太阳完全落下时,阿莱克修斯察觉到身后的尾巴貌似少了一只。
    他勒住马,整个车队也隨之停下。
    “走了一个,还剩一个。”莱昂低著声音说道。“看来是回去报信了,剩下的这个貌似是老手。”
    “得想办法解决掉他。”阿莱克修斯说,目光依旧投向身后的黑暗,“那边的战斗快开始了。”
    瓦尔丹驱马靠近,脸上带著忧虑:“殿下,恐怕会很难。我们甩不掉他。在这种地方,他们太熟悉了。”
    阿莱克修斯沉默著。他不能在这个尾巴面前去实施任何计划。
    “加速。”阿莱克修斯突然下令,声音不大,却斩钉截铁。
    “什么?我们不回去了吗?”莱昂一愣。
    “命令车队,加速前进。做出慌不择路,想要彻底摆脱他们的样子。”阿莱克修斯重复道,“扬起更多的尘土,弄出更大的动静。”

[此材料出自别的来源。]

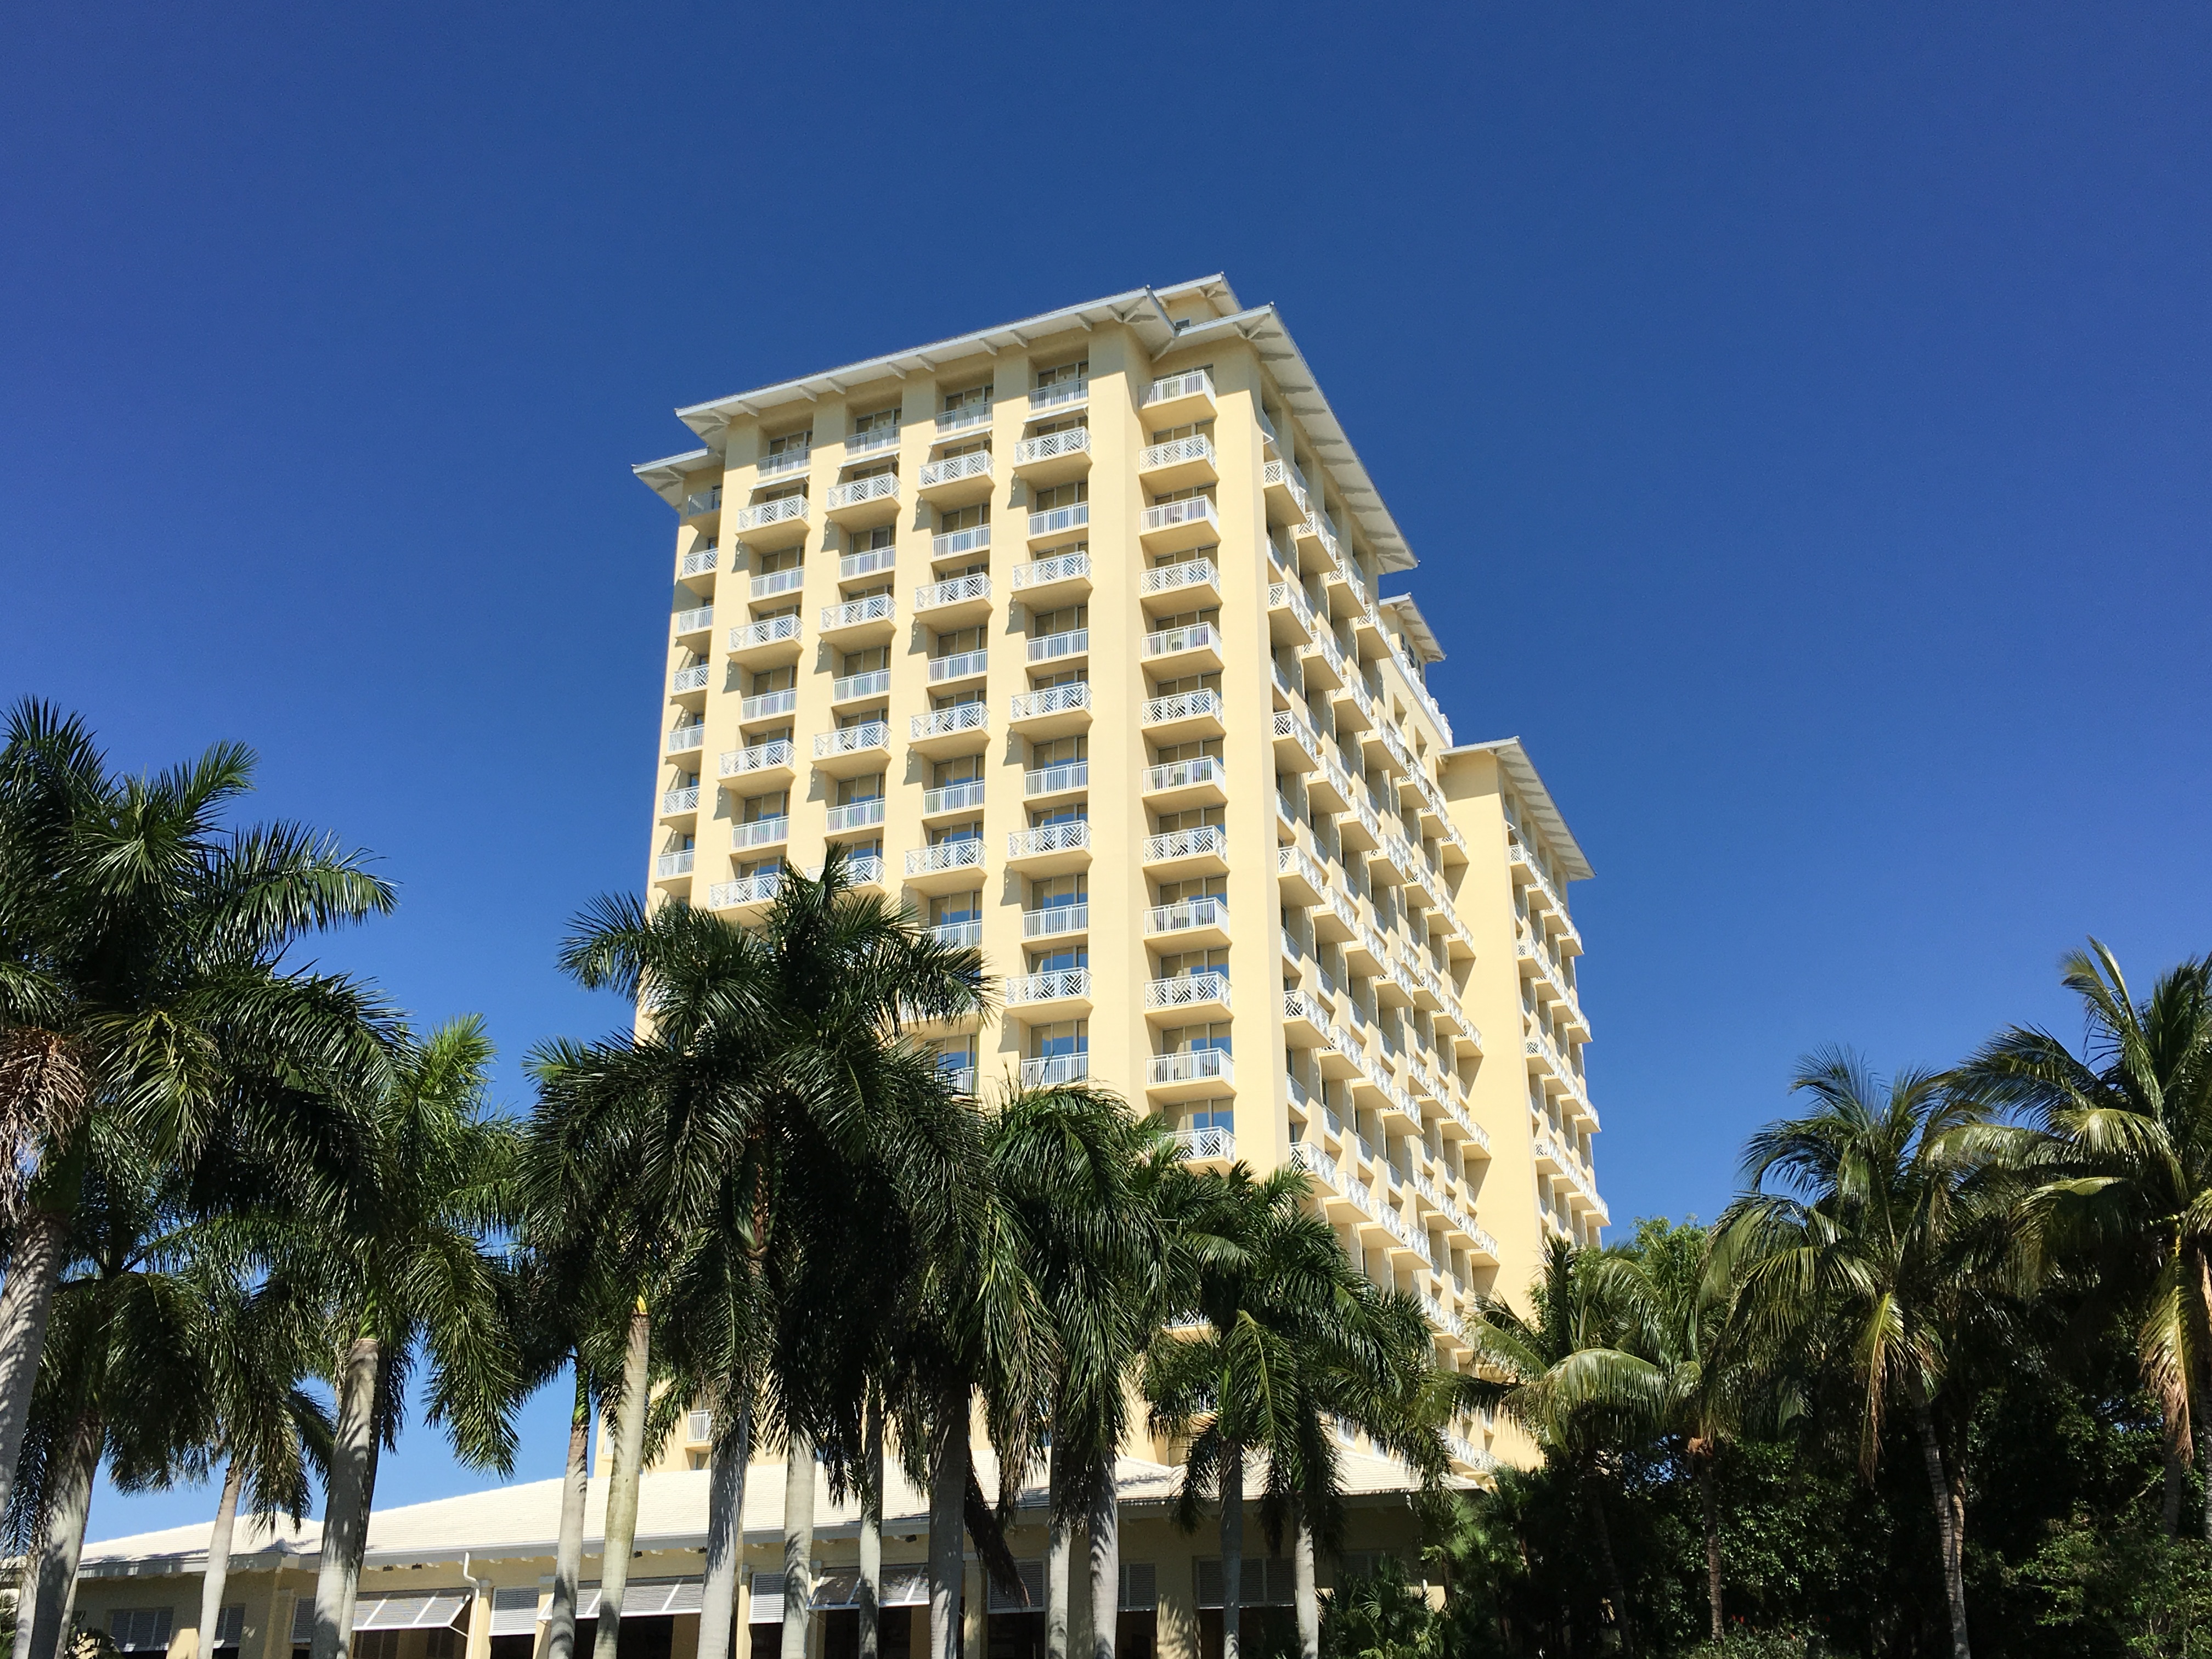 Hotel Review: Hyatt Regency Coconut Point, Part 1

    號令传下,车队再次启动,速度陡然提升。车轮滚滚,驮马嘶鸣,队伍在戈壁上拖出一条长长的、混乱的尘埃尾巴。
    就在这片混乱中,两个黑影悄无声息地脱离了队伍。
    他们是队伍里最机灵的两个。
    他们卸下了显眼的铁甲,只穿著深色的皮袄,像两只狸猫,借著车队的噪音和尘土掩护,滑入一道乾涸的河沟,向著来时的方向,逆向迂迴过去。
    阿莱克修斯没有回头。他將信任交给了自己的士兵,也交给了这片戈壁。
    车队继续向前狂奔了约莫一刻钟。突然,后方寂静的黑暗中,传来一声极其短促、几乎被风声掩盖的闷响——那是复合弓弦震动的声音。
    很快,一个身影从后面追了上来,是留下的两个人中的一个。
    他的呼吸平稳,脸上没有任何表情。“解决了,殿下。他一开始一直不靠过来,是看您走远了才靠过来的。之后就没啥了”
    阿莱克修斯点了点头,虽然轻鬆就解决了后面的尾巴,但是他心里没有丝毫轻鬆。
    他猛地调转马头,面向所有骑兵。
    “全体听令!卸下所有不必要的负重,只带武器和一副备用的骑枪!我们绕到敌人的后面去!”
    莱昂立刻反对:“殿下!太冒险了!没有车队策应,我们……”
    “没有时间了!”阿莱克修斯打断他,声音里带著不容置疑的决绝,“莱昂,你带著僕役和剩余的马匹,慢慢的跟在我们后面。我先带骑兵们回去!”
    他看向他的铁甲圣骑兵们,这些沉默的战士已经在自动卸下多余的行李。“我们必须在局势变得更坏前,更快到达!”
    六十名骑兵,像一道黑色的铁流,脱离了臃肿的车队,向著来时的战场奔去。
    马蹄用布包裹,所有的铃鐺和会发出声响的东西都已被取下。
    只有沉重的呼吸声和甲叶偶尔碰撞的轻响,融入这无边的夜色。
    -----
    索拉婭·奥尔贝利安蜷缩在马车的角落,怀里紧紧抱著弟弟小亚美尼克。
    在今天,隨著太阳的落下,她感觉她的世界也陷入了黑暗之中。
    外面的世界是地狱。
    最开始是祖母拒绝了母亲的陪同独自去了找了那个罗马少年,然后又心事重重的回来了。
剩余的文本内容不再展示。